Fossett

Stephen De Windt

Stephen De Windt moved with his family from the San Francisco Bay area to Pasadena when he was twelve.  He attended Pasadena City College and Arizona State University.  After a career in the airline industry, he became an actor—a “background artist”—in Hollywood.

De Windt heard a great deal about his talented great-great-aunt Pauline Powell Burns from the women in his family.  Fascinated by his family history, he made a number of donations to the collections of the African American Museum and Library at Oakland.  He was not fully aware of his connection to the Fossetts of Monticello until 2006.  When he heard their story, his response was, “They stepped up to the plate.”

Pauline Powell Burns

Pauline Powell Burns, a great-granddaughter of Joseph and Edith Fossett, was born and raised in Oakland, California.  Her grandmother, Isabella Fossett, was sold away from Monticello and her family at the age of eight, but succeeded in escaping to Boston in the 1840s, using a free pass forged by her brother Peter Fossett.  Always at risk of re-enslavement because of the Fugitive Slave Act, Isabella joined the rest of her family in Cincinnati by 1860. 

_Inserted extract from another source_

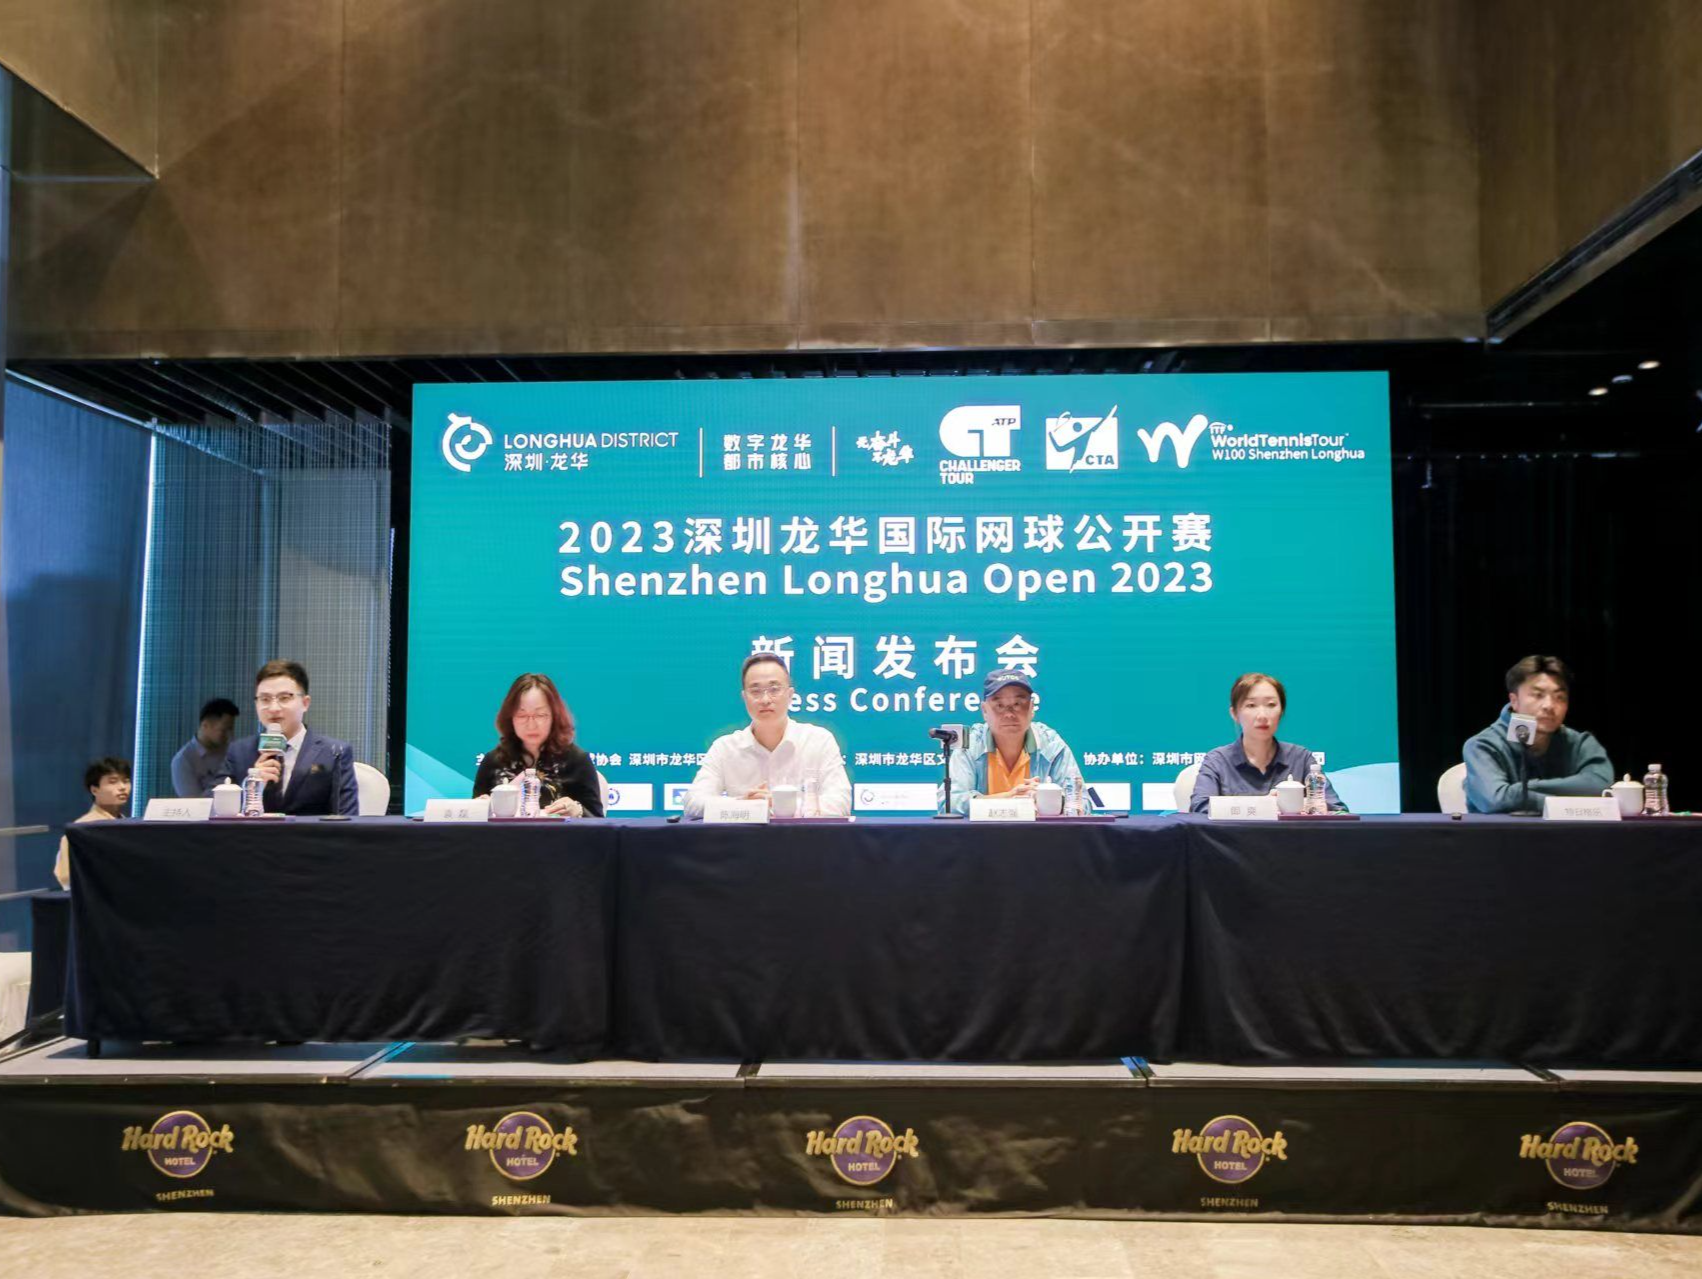 名将云集 重磅回归 2023深圳龙华国际网球公开赛9日开打
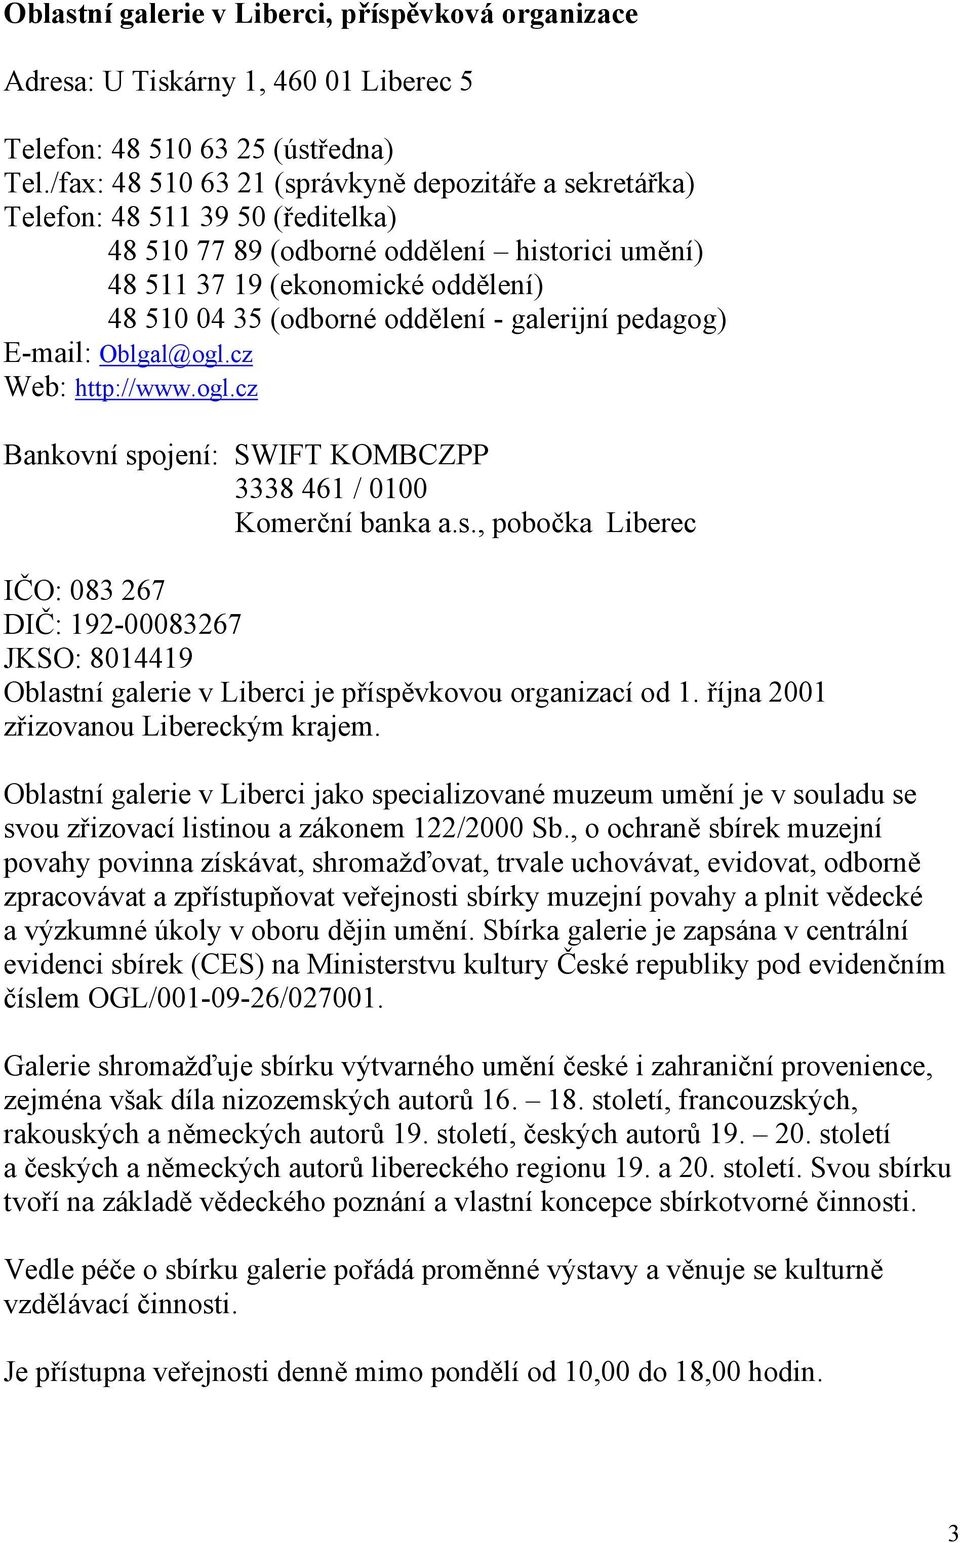 oddělení - galerijní pedagog) E-mail: Oblgal@ogl.cz Web: http://www.ogl.cz Bankovní sp

After Isabella’s death in 1872, her daughter, Josephine Turner, moved to Oakland with her husband, William W. Powell, a porter on the new transcontinental railroad.  Their daughter Pauline demonstrated artistic and musical talent at a young age and pursued years of study of both painting and piano.  She gave numerous public recitals in the Bay Area and was hailed as “the bright musical star of her state.” An exhibit of her paintings in 1890 was said to be the first by an African-American artist in California.  She and her husband, Edward E. Burns, both cultural leaders in their community, left no descendants.